To lengthen the life of lithium-ion batteries, we need to know how to combat SEI formation. This measurement capability is a vital step in new studies of SEI properties. The approach offers real-time measurement of SEI thickness evolution with nanometer precision. It will allow for effective study of electrolyte compositions and additives and their effect on cell performance.

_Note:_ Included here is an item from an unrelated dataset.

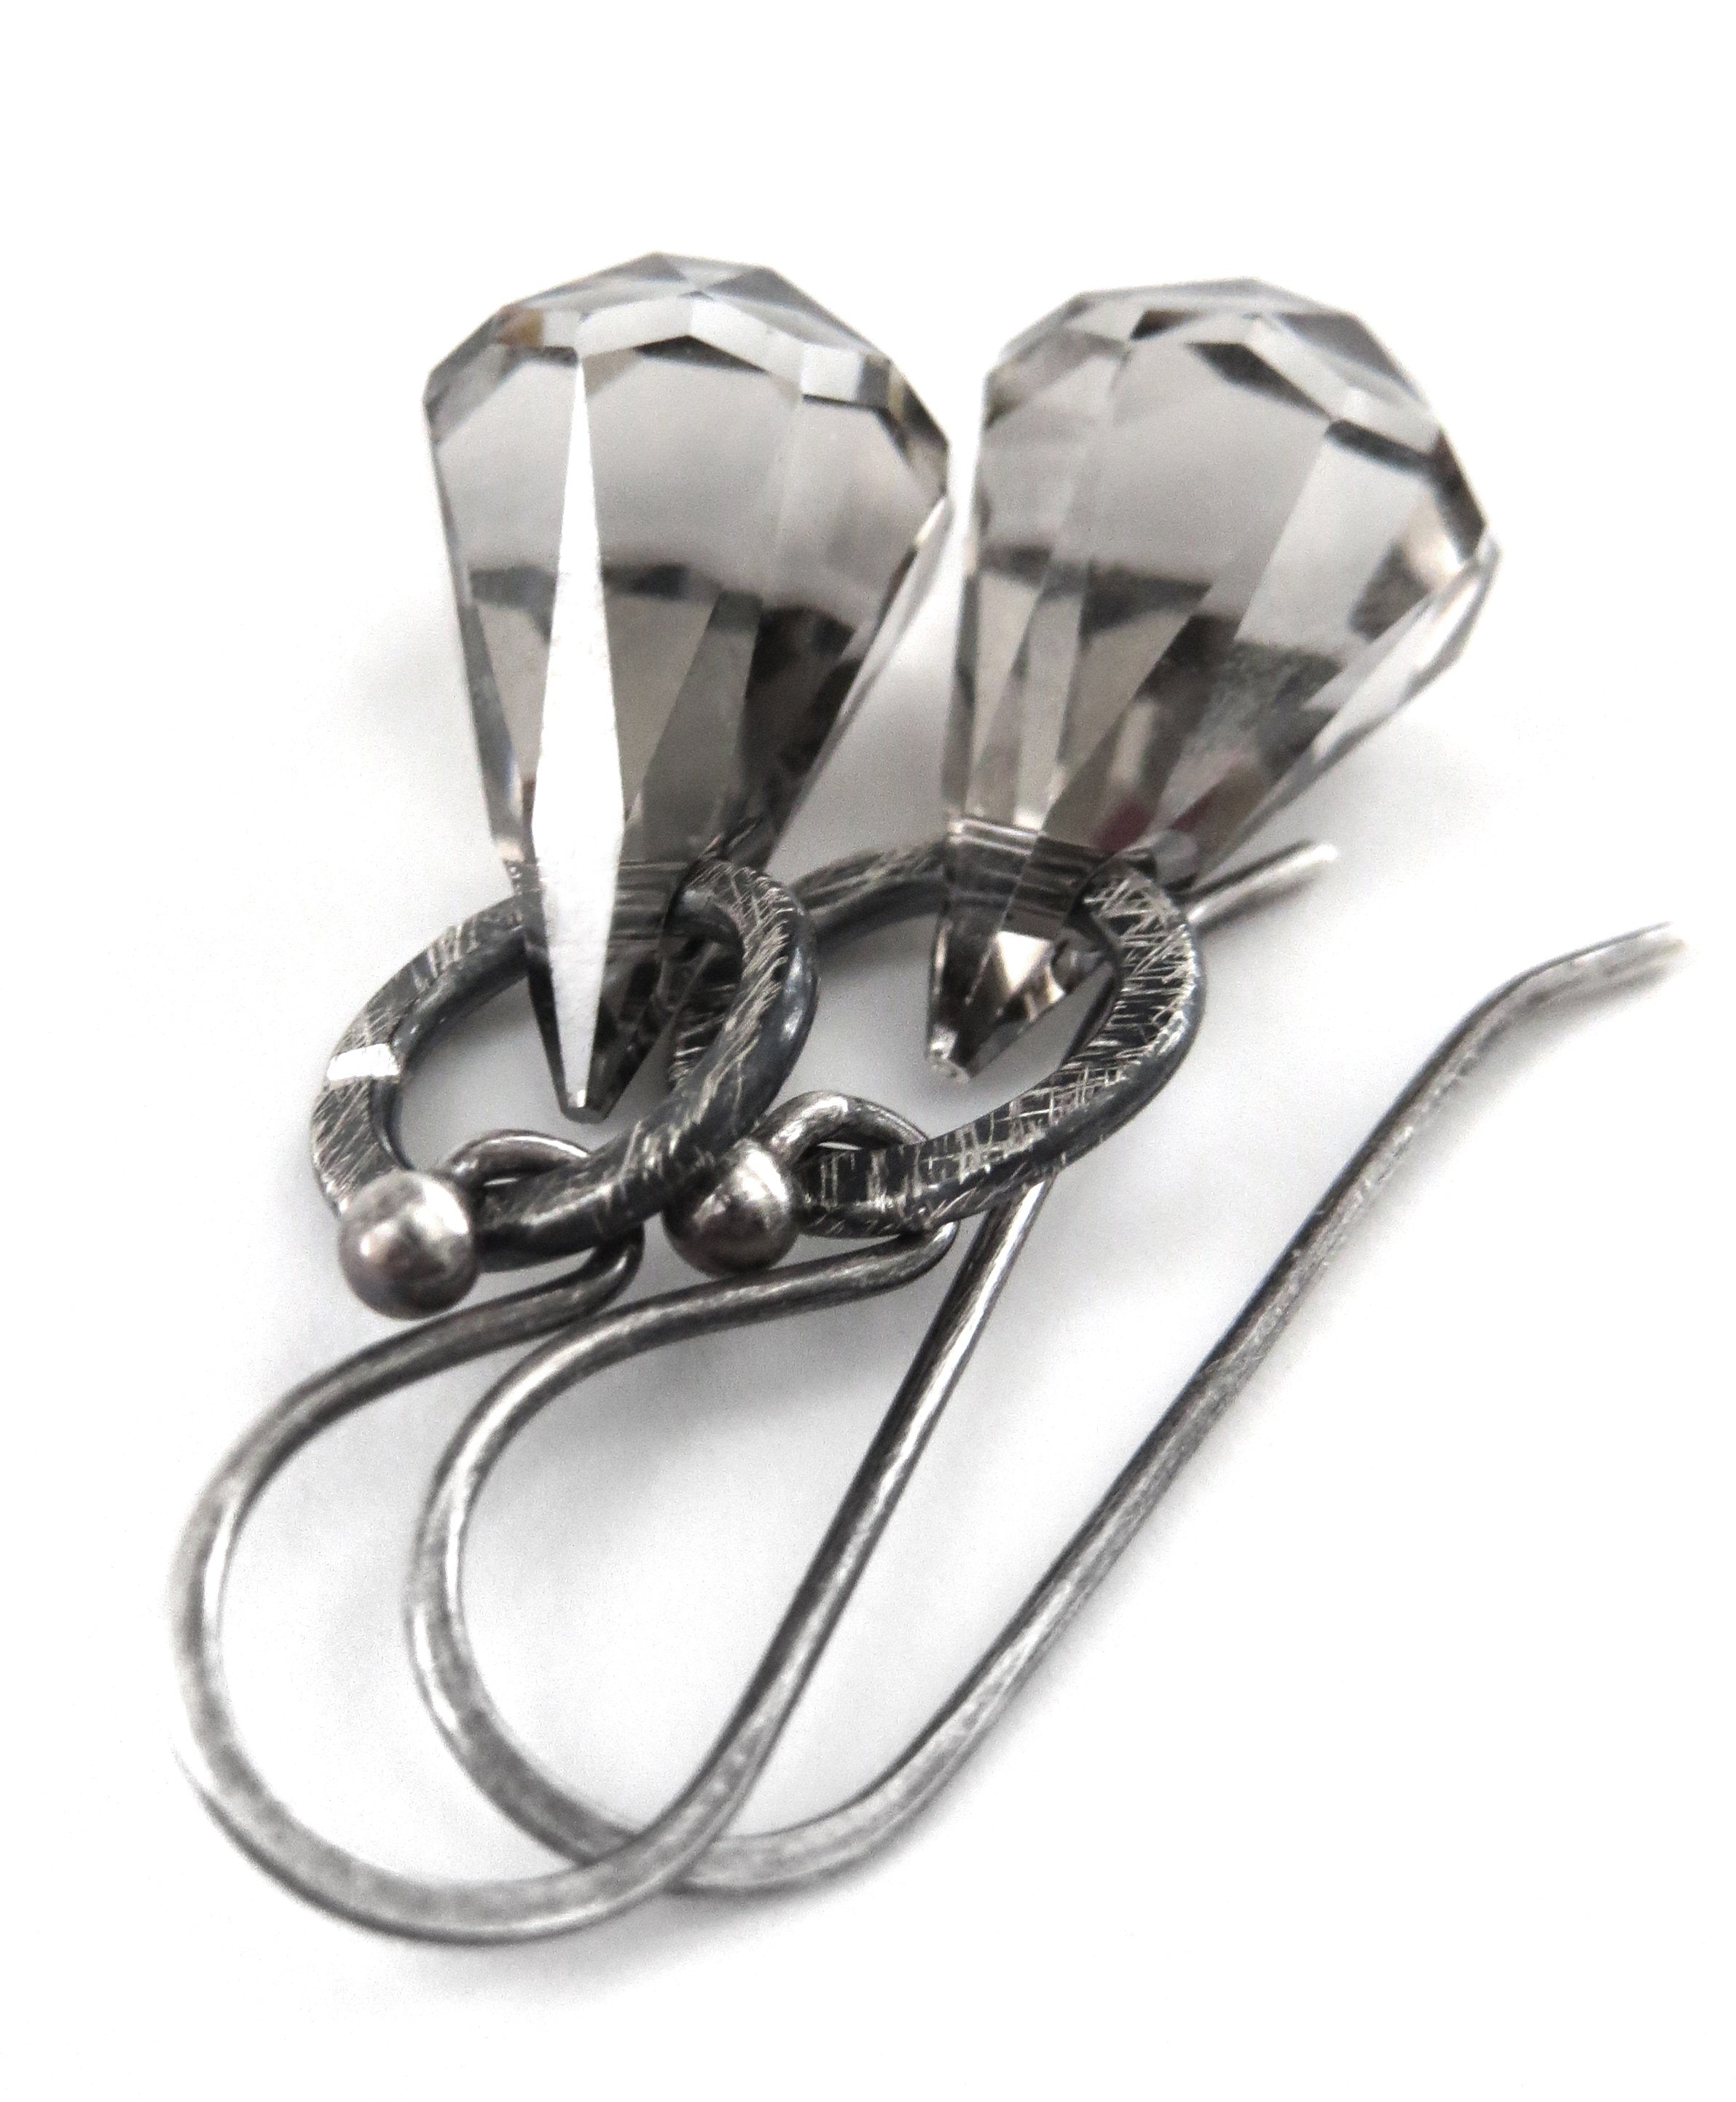 STRIKE - Small Earrings with Sheer Grey Swarovski Crystals, Oxidized Sterling Silver - Geometric Minimalist Modern Sterling Silver Jewelry

This research has developed new techniques for in situ measurements of the growth of solid-electrolyte interphase (SEI) layers on silicon electrodes. These interface changes are accompanied by volume expansion induced by transport of lithium into the silicon. For these investigations, the team fabricated thin film amorphous silicon electrodes in a configuration that allows unambiguous separation of the total thickness change into the contributions due to the growth of the SEI and from the change in the silicon volume. They assembled the electrodes into a custom-designed electrochemical cell, which they integrated with an atomic force microscope. The electrodes are subjected to charge-discharge (lithiation-delithiation) cycles at a sequence of constant potential values and the thickness measurements are made at each potential after equilibrium is reached. The team carried out experiments with two electrolytes: 1.2M lithium hexafluoro-phosphate (LiPF6) in ethylene carbonate (EC) and 1.2M LiPF6 in propylene carbonate (PC) – to investigate the influence of electrolyte composition on SEI evolution. The team observed that SEI formation occurs predominantly during the first charging cycle and the maximum SEI thickness is approximately 17 nm and 10 nm, respectively, for EC and PC electrolytes. The measurements also yield valuable information on how the silicon electrode’s expansion ratio and charge capacity vary with equilibrium potential. Both relationships display hysteresis (for example, the measurements show a dependence on whether the electrode is being charged or discharged), which is explained in terms of the evolution of stress in silicon electrodes due to the changing volume. This sample design and measurement capability open the door for clear determination of which components and variations result in performance improvements in high-capacity lithium-ion batteries.